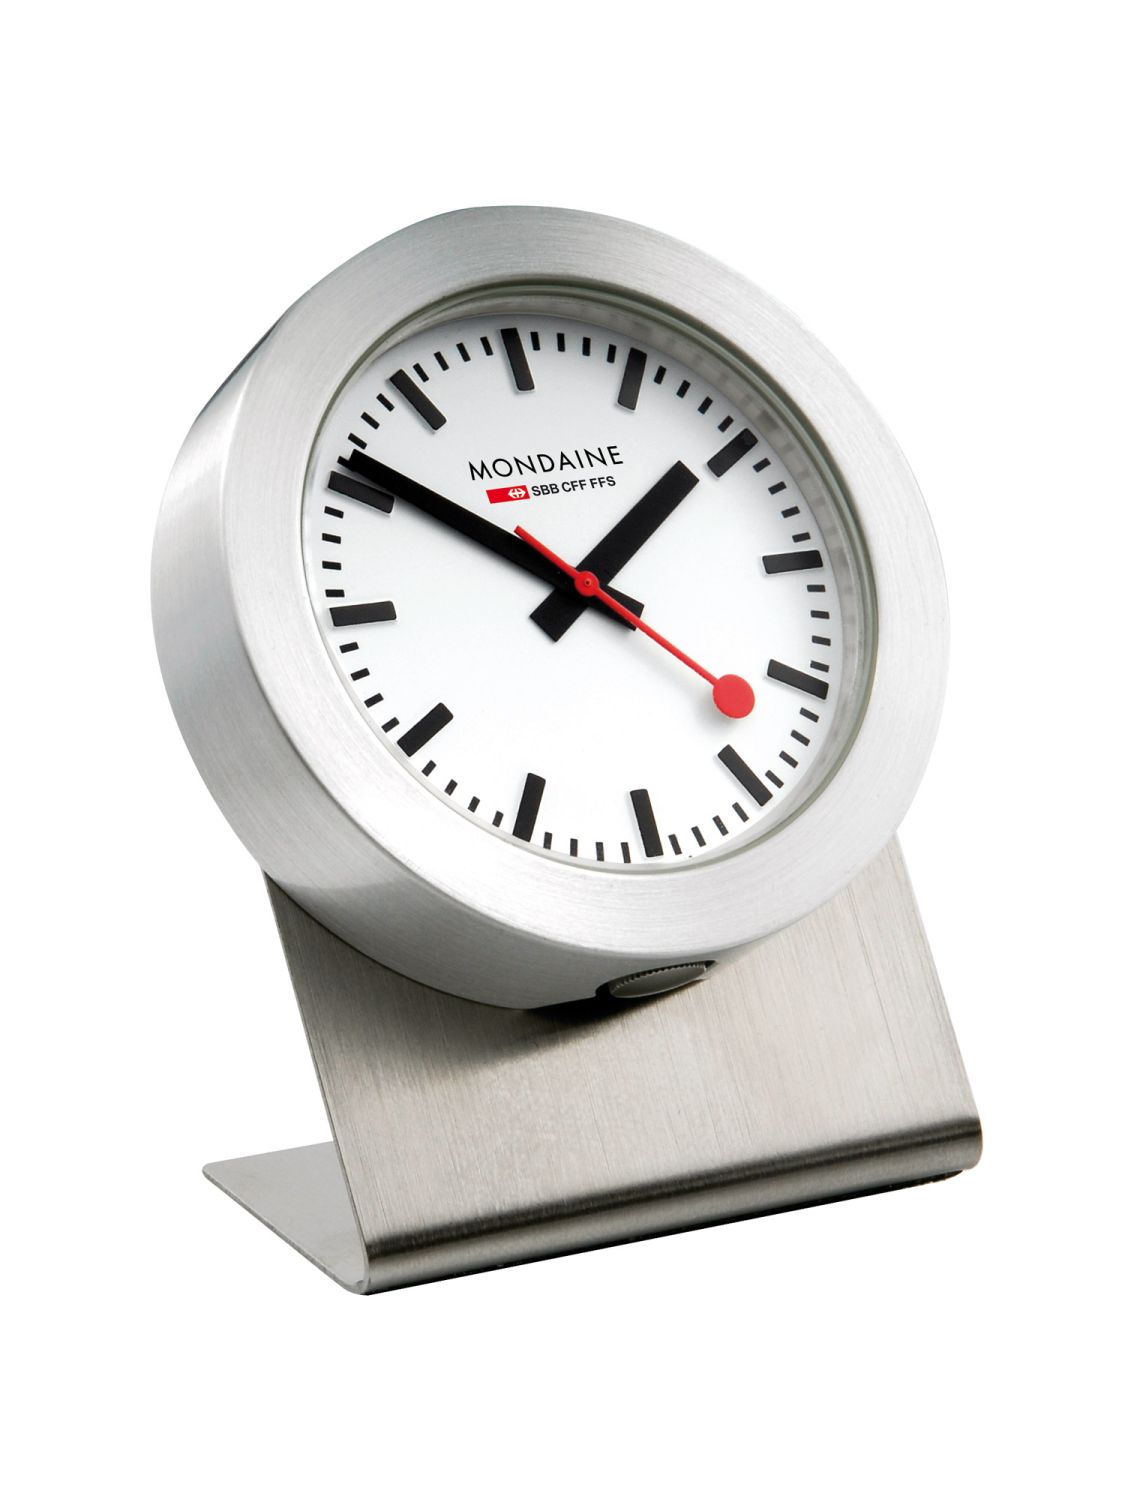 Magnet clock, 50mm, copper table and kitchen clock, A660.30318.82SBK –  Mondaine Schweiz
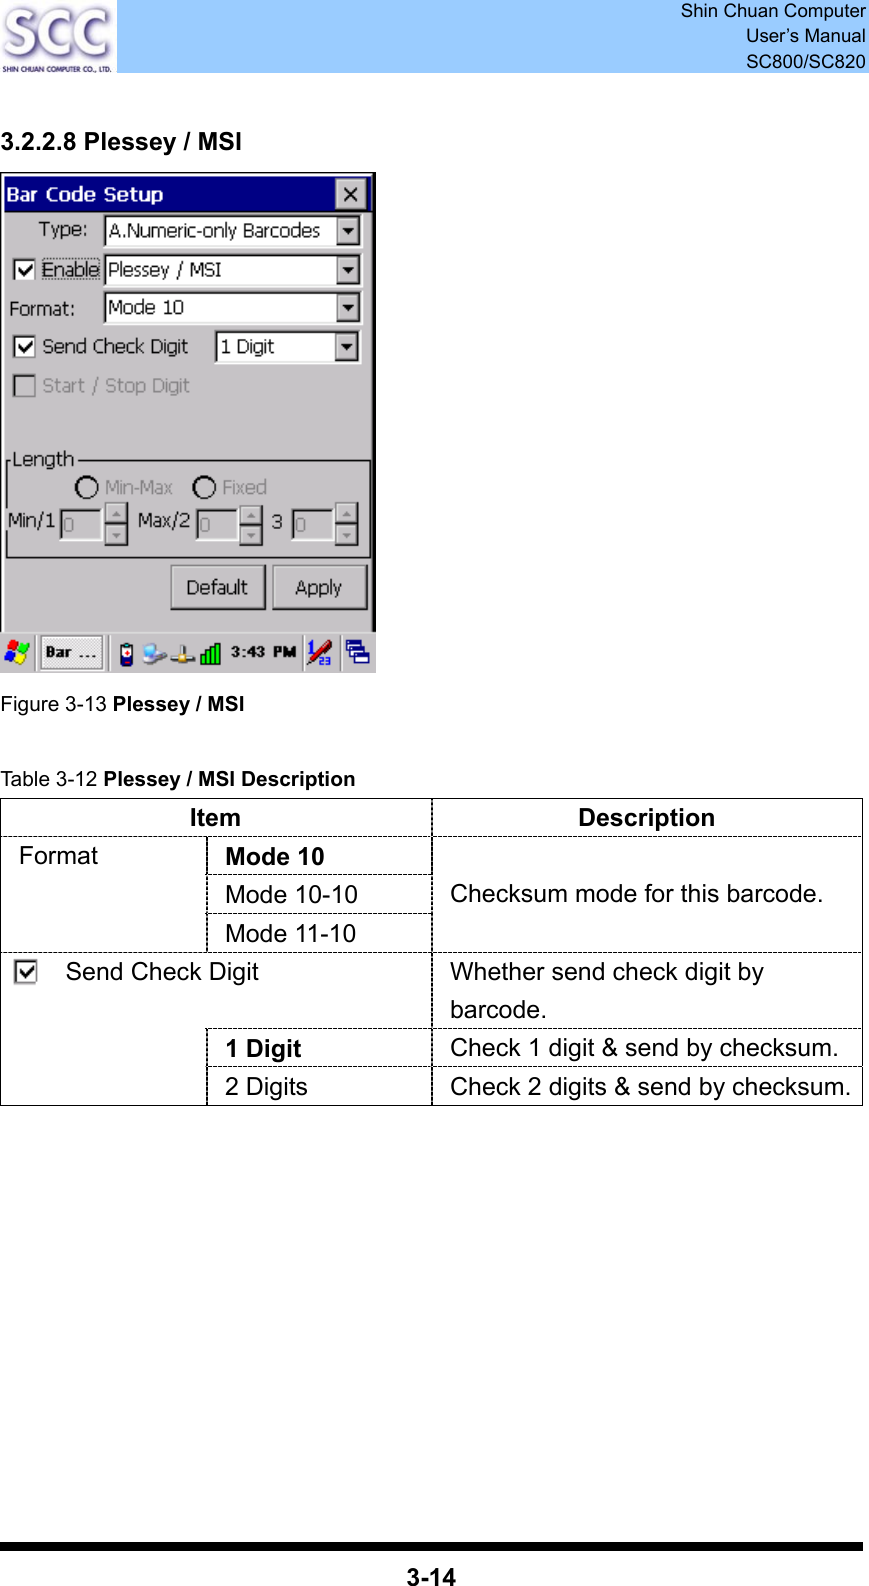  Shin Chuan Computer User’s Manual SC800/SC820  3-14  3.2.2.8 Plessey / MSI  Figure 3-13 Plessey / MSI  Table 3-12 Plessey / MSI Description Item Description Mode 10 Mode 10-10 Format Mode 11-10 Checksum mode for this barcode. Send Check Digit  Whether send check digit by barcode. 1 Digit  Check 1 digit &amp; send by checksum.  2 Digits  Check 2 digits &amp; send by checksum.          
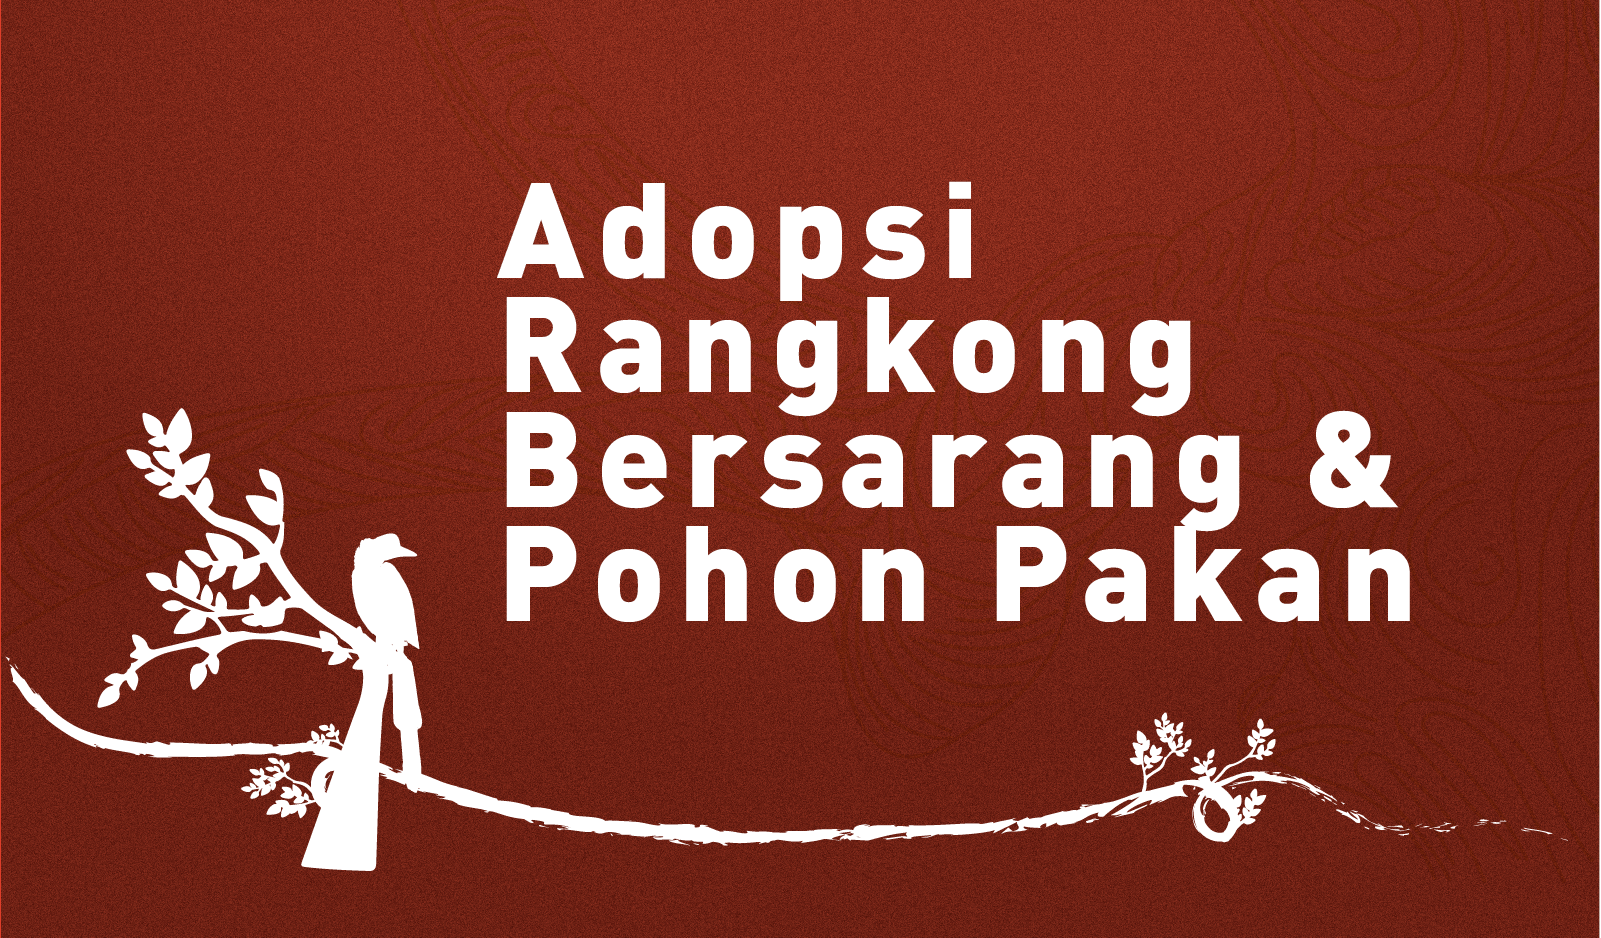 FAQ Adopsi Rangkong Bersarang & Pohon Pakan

PROBLEM DETAILS: Your task is to restate word for word the lines from the one containing "Shin Chuan Computer" through the last line of the data, both ends included, with no pictures.

RESULT BELOW:
  Shin Chuan Computer User’s Manual SC800/SC820  3-14  3.2.2.8 Plessey / MSI  Figure 3-13 Plessey / MSI  Table 3-12 Plessey / MSI Description Item Description Mode 10 Mode 10-10 Format Mode 11-10 Checksum mode for this barcode. Send Check Digit  Whether send check digit by barcode. 1 Digit  Check 1 digit &amp; send by checksum.  2 Digits  Check 2 digits &amp; send by checksum.          
 FAQ Adopsi Rangkong Bersarang & Pohon Pakan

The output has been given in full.